What Happens To Your Data After You’re Hacked

Written by Ann Brown

These days we are bombarded with news of data breaches, from Facebook to Marriott to Yahoo.

A seemingly endless string of breaches have hit big companies and their users in recent years, The Wall Street Journal reported: 500 million potential victims at Marriott‘s Starwood properties; 117 million users in the 2012 hack of LinkedIn; three billion at Yahoo in 2013. Often, these attacks fuel a black market where stolen data is bought, sold and repackaged for criminal uses.

Photo by Luca Bravo on Unsplash









More than 24 billion credentials have been stolen or exposed, according to security firm Risk Based Security Inc. This leaves victims at risk of having their data used for a variety of reasons, including identity theft.

“Every American person should assume all of their data is out there,” said Elvis Chan, a supervisory special agent with the Federal Bureau of Investigation.

Once data is hacked it is passed on through the Dark Web, and sold for as little as $3. It’s cheap to buy things like credit-card numbers, webmail passwords, or Social Security numbers. “If someone wants to find my Social Security number, it will take them exactly $3 and five minutes,” said Andrei Barysevich, who works for the online investigation firm Recorded Future Inc.

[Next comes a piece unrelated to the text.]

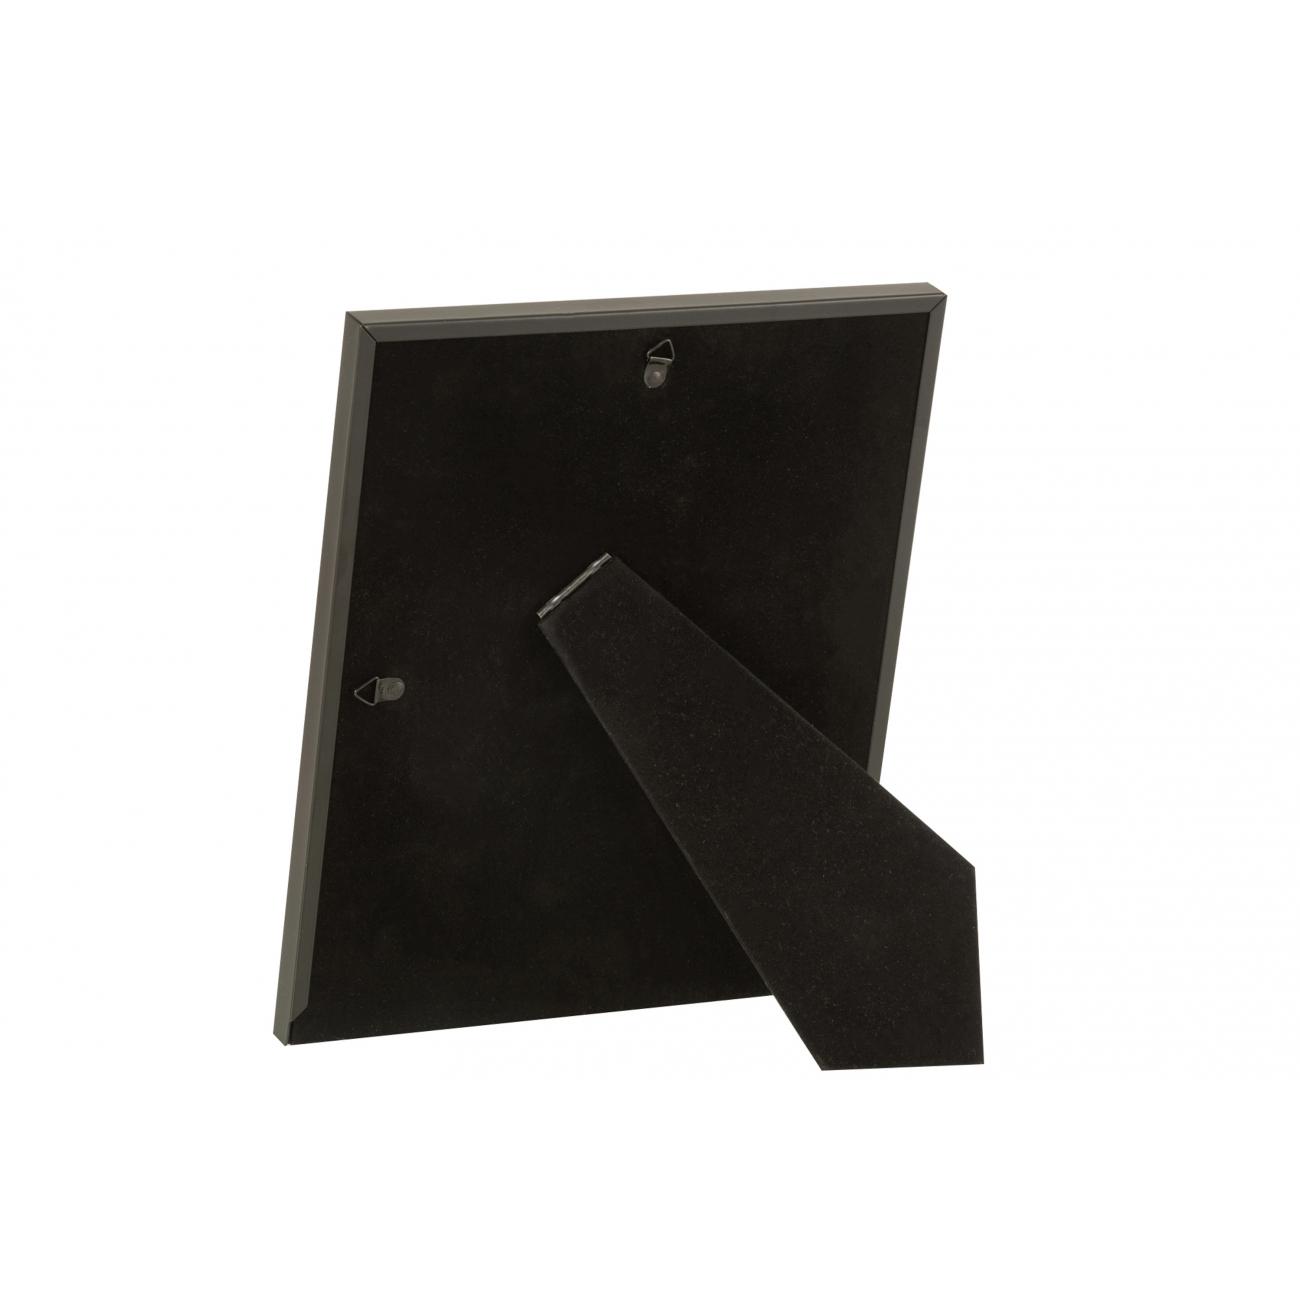 Фоторамка J-LINE металлическая матовая в черном цвете 20x25 см Бельгия

Data breaches cost the average victim $776, according to Javelin Strategy & Research. In all, identity theft cost victims $16.8 billion in 2017.

It typically takes victims about 20 hours to fix any problems a hack has caused them, but identity theft can cause major complications. Hackers often produce fake passport and ID cards using stolen data.

Fake passports are only one of many products made from stolen consumer info. Criminals also assemble comprehensive victim files called “fullz” — internet slang for a full listing of someone’s data — that sell for about $100 each, Barysevich said. Fullz can include a victim’s date of birth, Social Security number, telephone number, driver’s license number, banking information and more.

There is more than one way to gain data. There is a new form of fraud known as SIM hijacking. Criminals convince mobile-phone companies they are legitimate customers who need a new SIM card.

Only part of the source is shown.